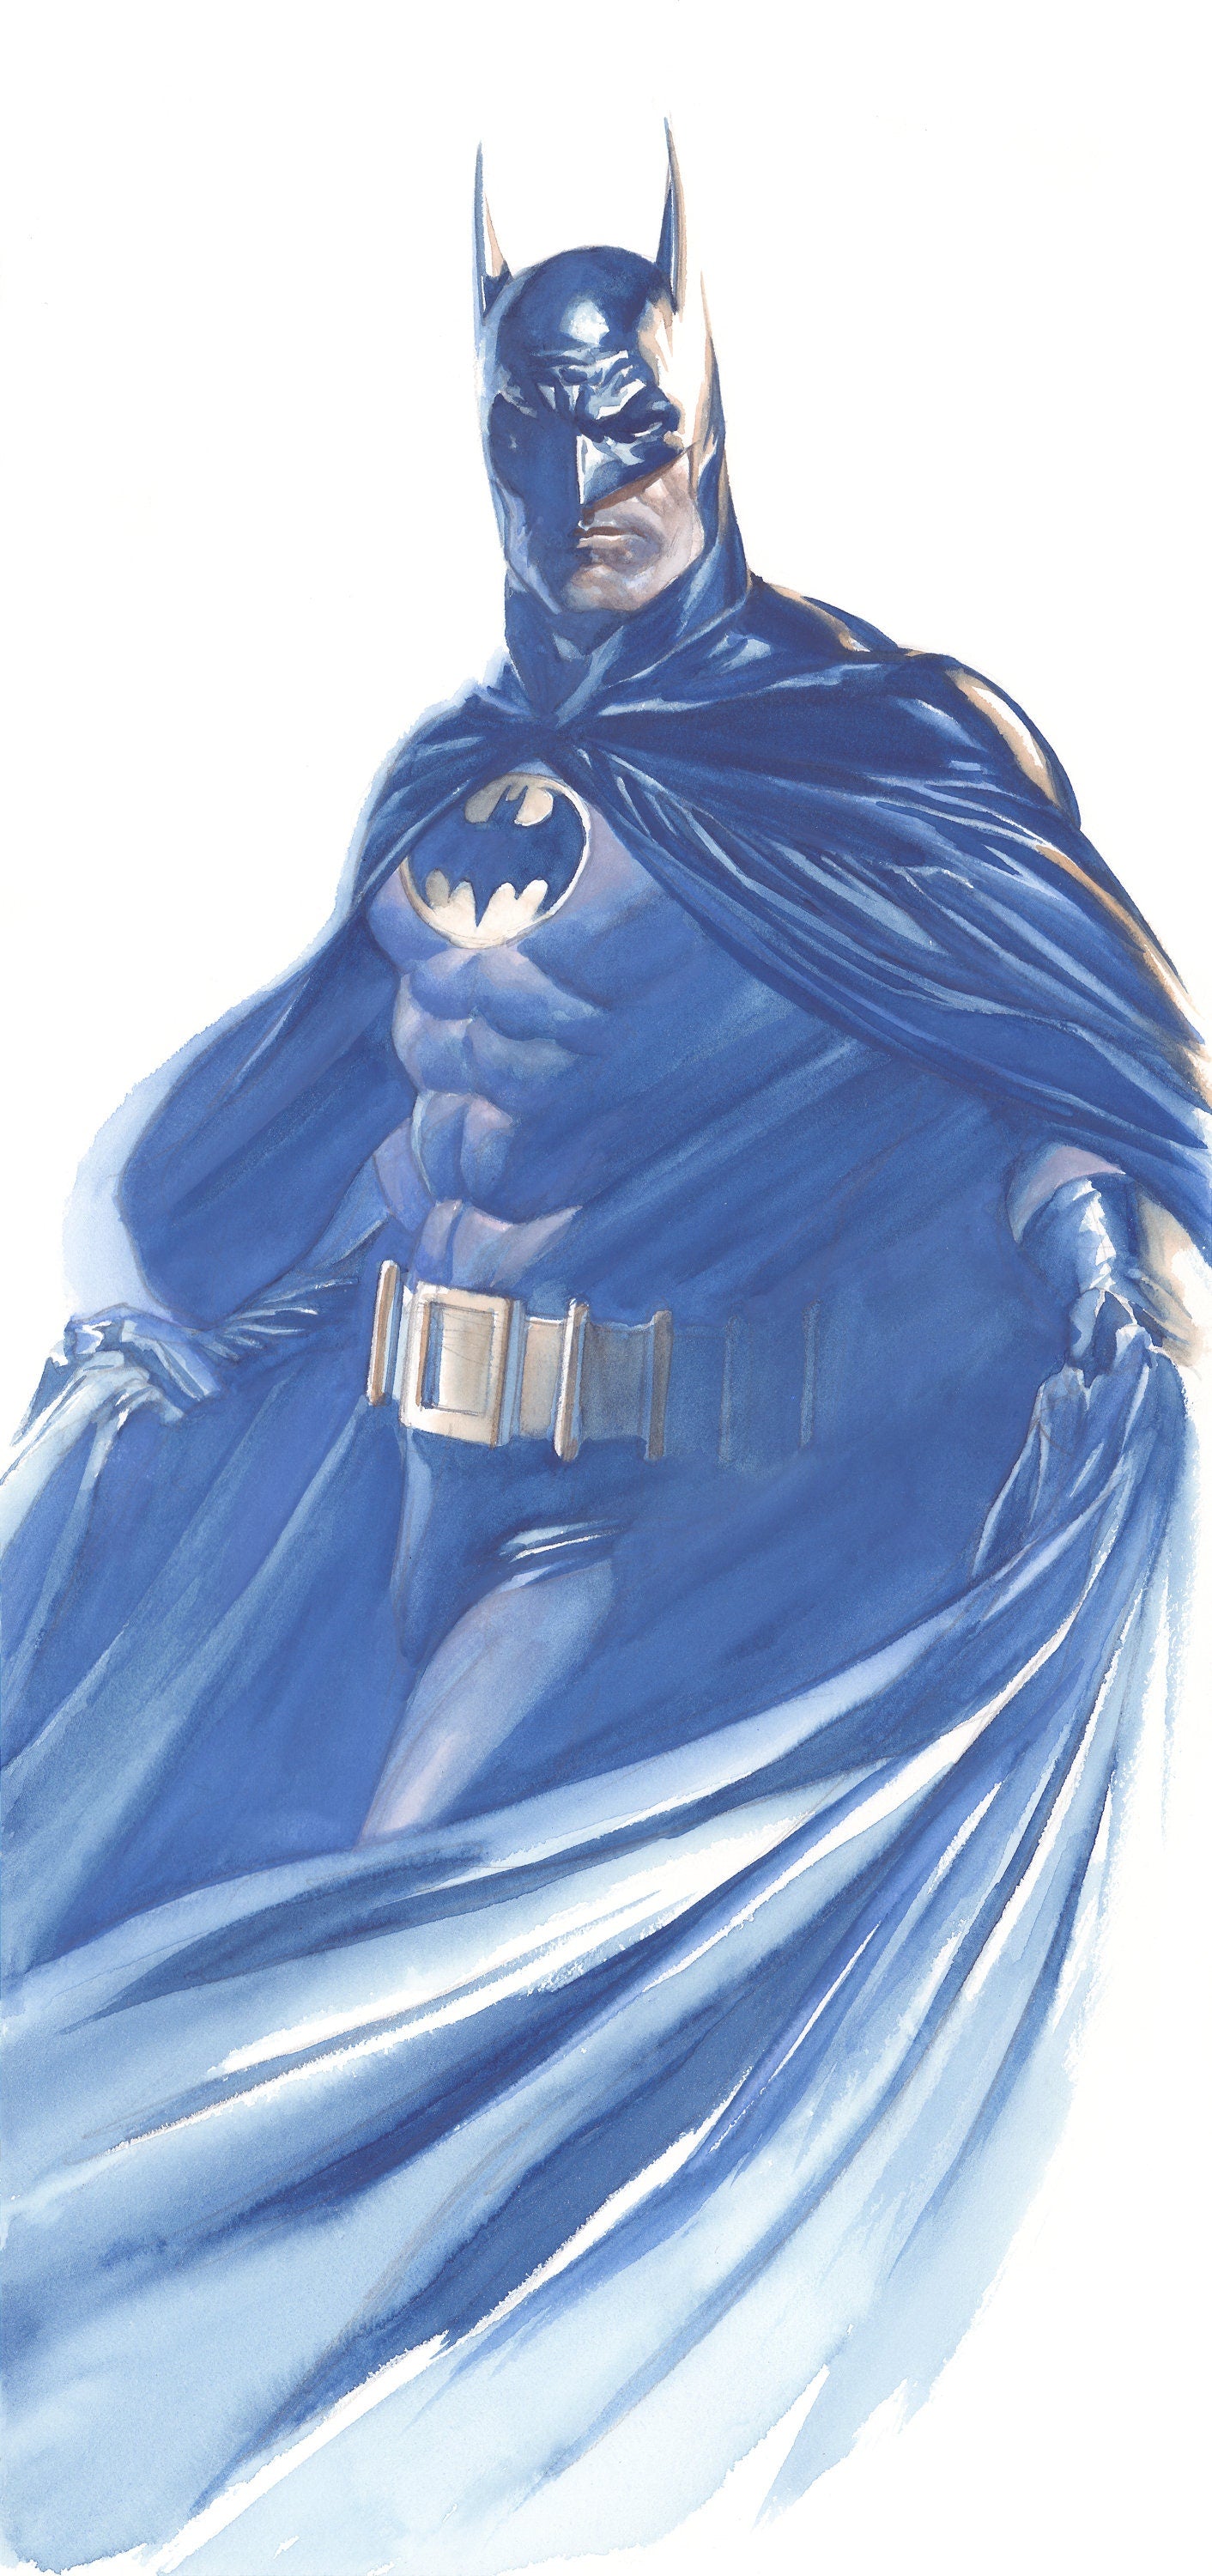 Alex Ross SIGNED Batman Defender of Gotham SDCC 2022 Exclusive Giclee Print on PAPER Limited Edition
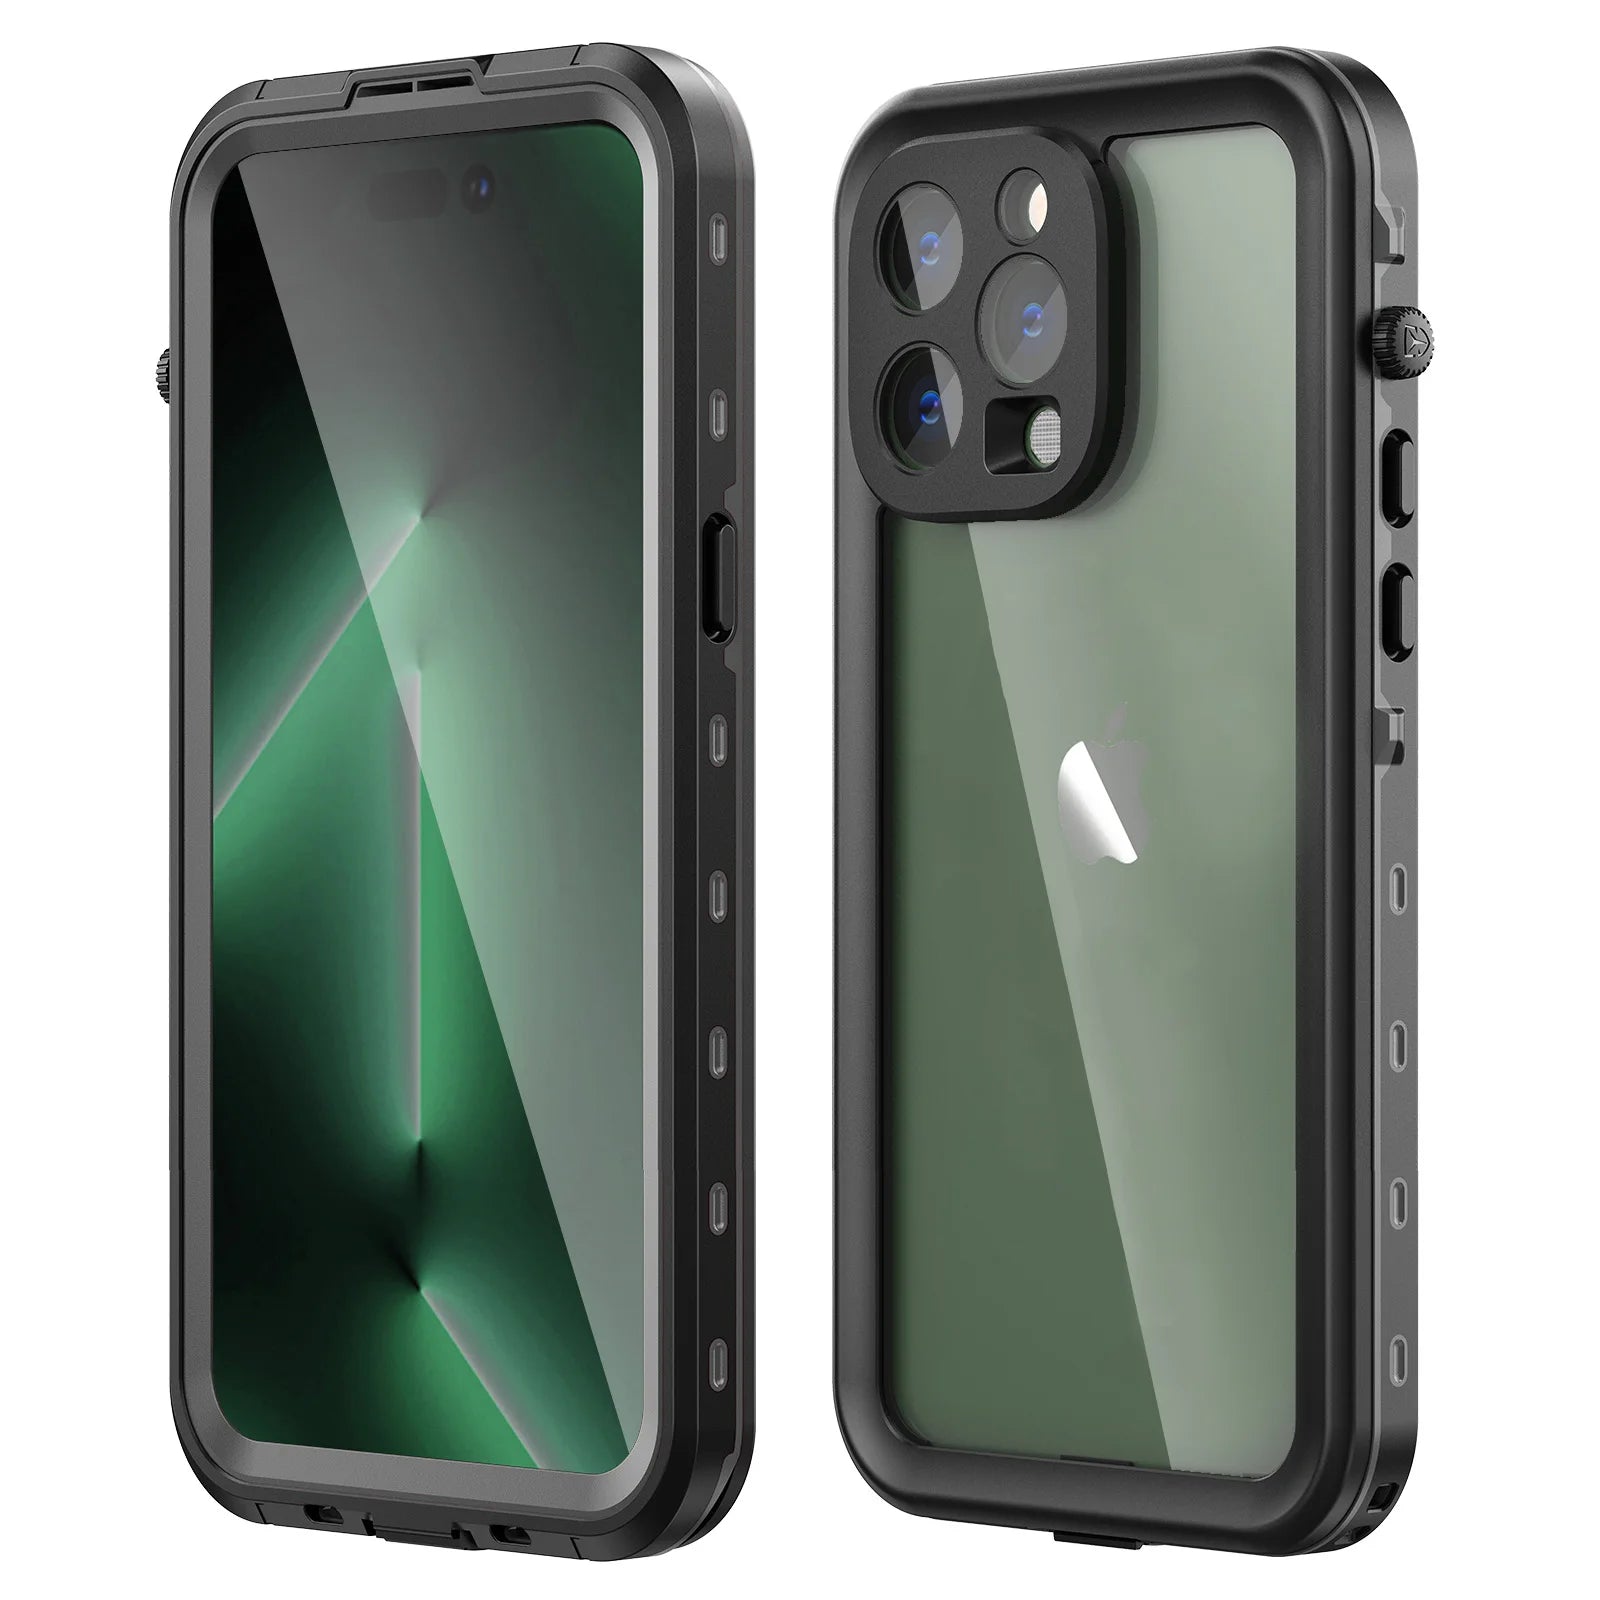 IP68 Waterproof iPhone 15/14/13/12/11 Pro Max XS Max XR SE 7/8 Case with RedPepper Cover for Diving, Underwater, and Outdoor Sports
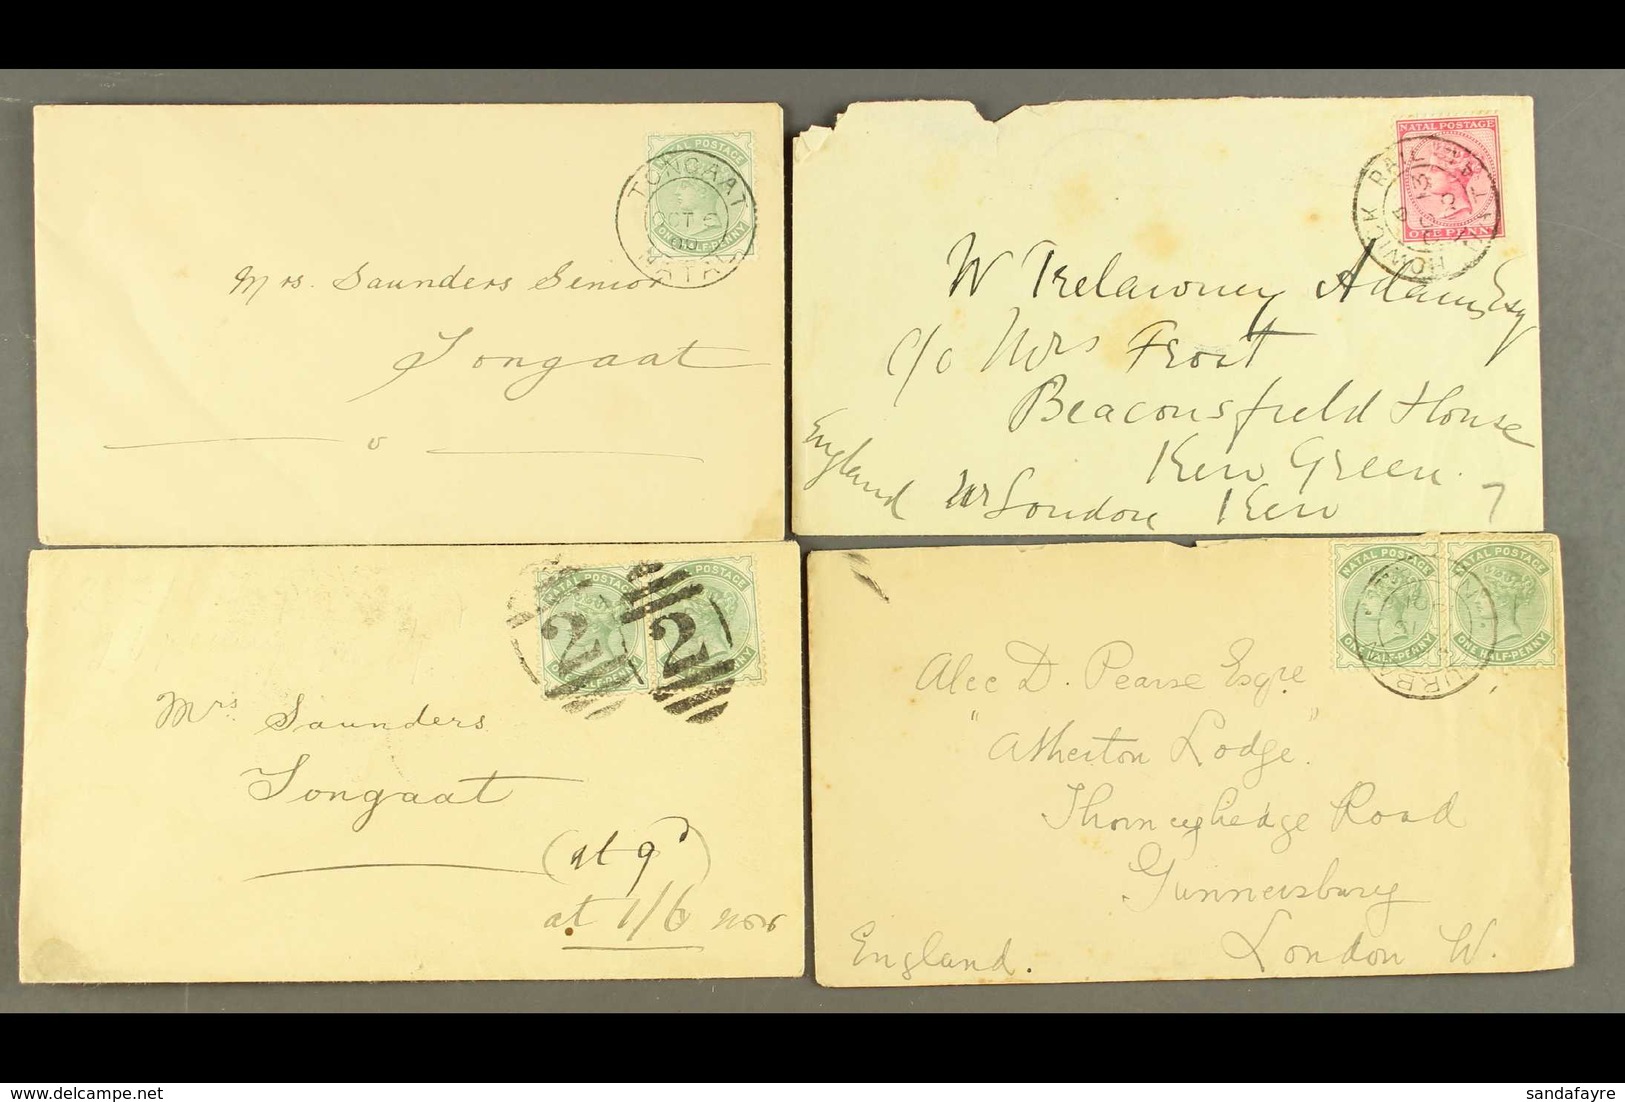 NATAL 1898-1901 Group Of Four Covers, Bearing QV Stamps Cancelled At TONGAAT, HOWICK RAIL, Plus Durban And "2" Numerals. - Unclassified

***

TASK OBJECTIVE
Restate the listing above word for word, and skip the pictures.

RESPONSE AREA
 Alex Ross SIGNED Batman Defender of Gotham SDCC 2022 Exclusive Giclee Print on PAPER Limited Edition
 IP68 Waterproof iPhone 15/14/13/12/11 Pro Max XS Max XR SE 7/8 Case with RedPepper Cover for Diving, Underwater, and Outdoor Sports
 NATAL 1898-1901 Group Of Four Covers, Bearing QV Stamps Cancelled At TONGAAT, HOWICK RAIL, Plus Durban And "2" Numerals. - Unclassified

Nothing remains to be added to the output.